WALLACE: Lanny, she certainly thought private e-mails were a problem then. She said the Constitution was being shredded.

DAVIS: She listed a number of secrecy acts –

WALLACE: Including private e-mails.

DAVIS: And she has now done the unprecedented, maybe we should — White House did the same unprecedented, no secretary of state has ever volunteered to turn over all her e-mails –

WALLACE: She didn’t volunteer. She had to negotiate for four months with the State Department lawyers, lawyer to lawyer, before she turned them over, from August of last year until December. Why was it so outrageous for the Bush White House to use private e-mails, but for her it’s OK?

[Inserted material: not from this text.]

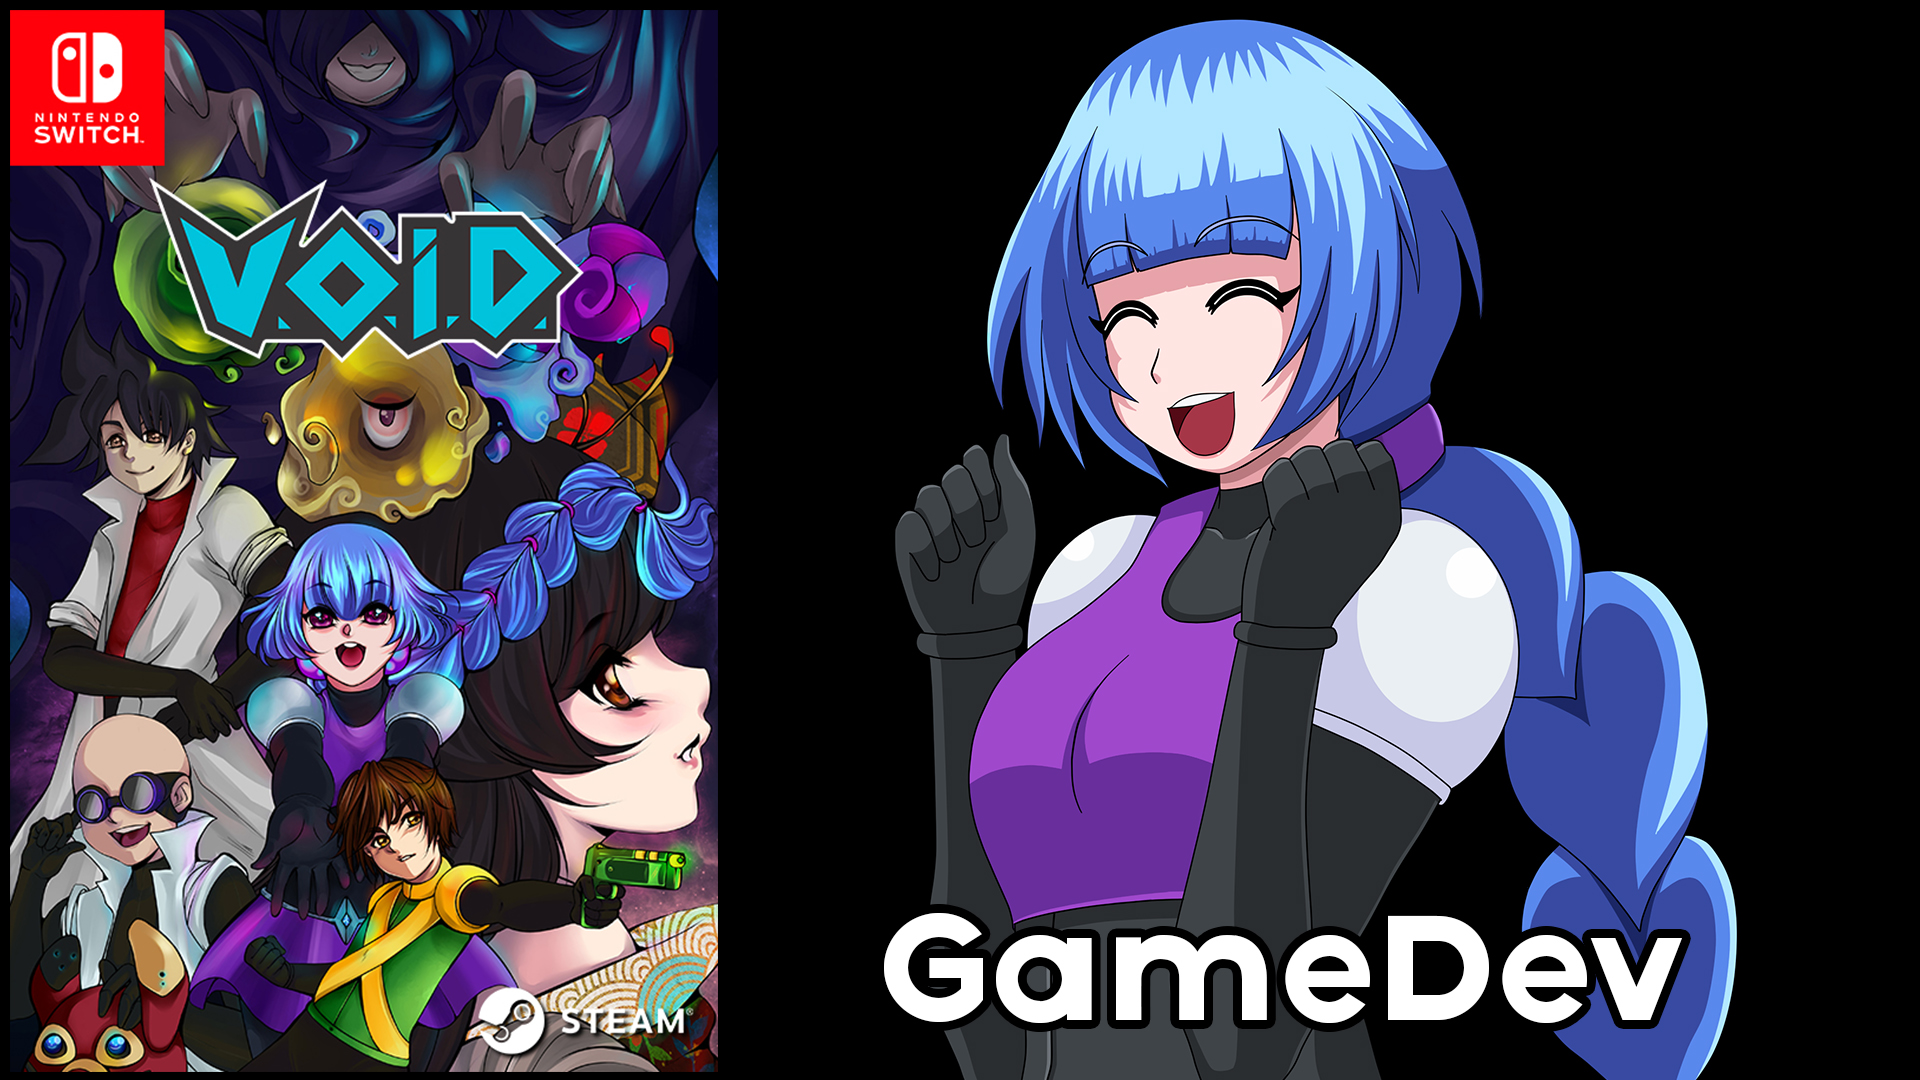 V.O.I.D. GameDev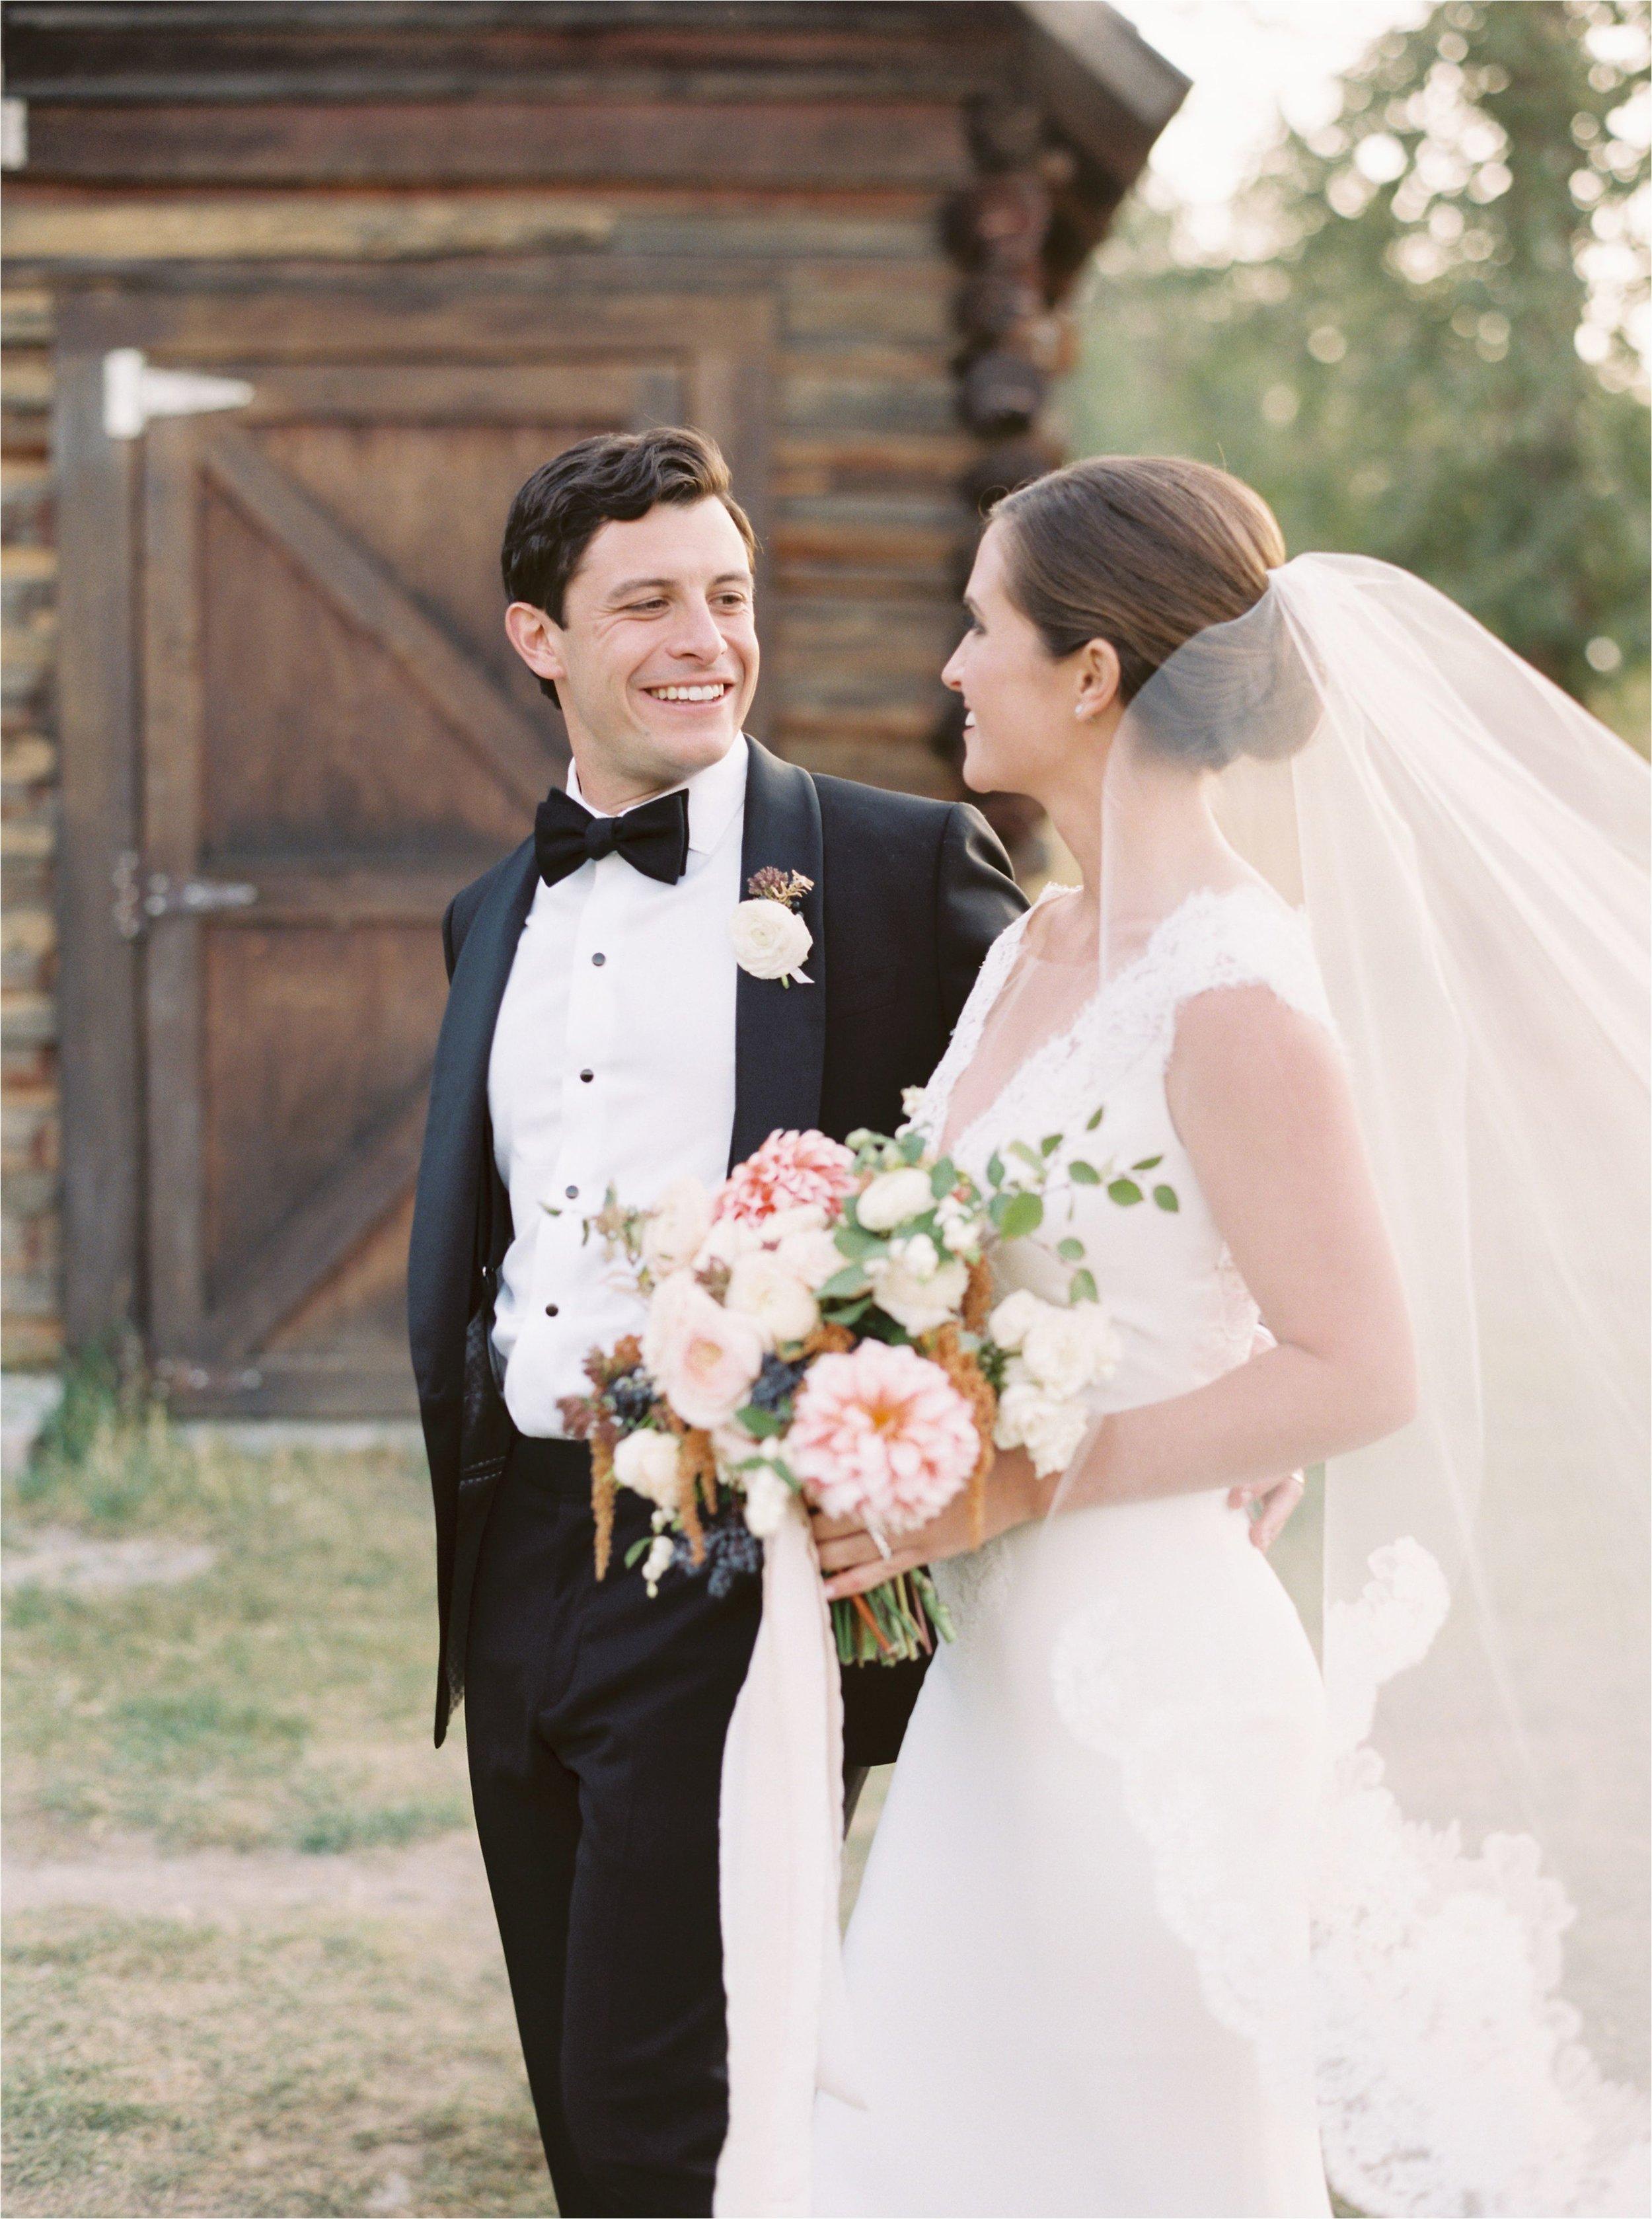 Jeremiah & Rachel Photographywww.jeremiahandrachel.comGreenwood Eventswww.greenwood.events

DAVIS: So, I keep answering your question. There were other things she just listed that she said were outrageous.


Boy, if this doesn’t bring back Clinton nostalgia … I wonder when Davis plans to expound again on the meaning of “is”?

All this leads an exasperated Wallace to ask how long Davis plans to make Clintonian spin his career:

WALLACE: Finally, as we said at the beginning, you served in the Clinton White House handing legal matters like campaign finance, like impeachment. Do you ever get tired of cleaning up after the Clintons?

DAVIS: No, you say cleaning up because you have a certain perspective. I am proud, given the public career and the public good of Bill and Hillary Clinton, as reflected by the popular goodwill they have across the country. Unlike Chris Wallace, I don’t regard it as –

WALLACE: When you say unlike Chris Wallace, unlike me in what way?

DAVIS: Well, you call it cleaning up. You’re entitled to your viewpoint. I am proud to defend a great public servant.


DAVIS: Hillary Clinton and Bill Clinton –

WALLACE: Proud of Monica Lewinsky? Proud of campaign finance? Proud of the private e-mails? So, those are moments of pride for the Clintons?

DAVIS: There’ve been mistakes.

No kidding. Wallace, clearly annoyed, signs off with Davis by saying, “Whatever you call it, you’ve been doing it for a long time.” Hey, it pays the mortgage.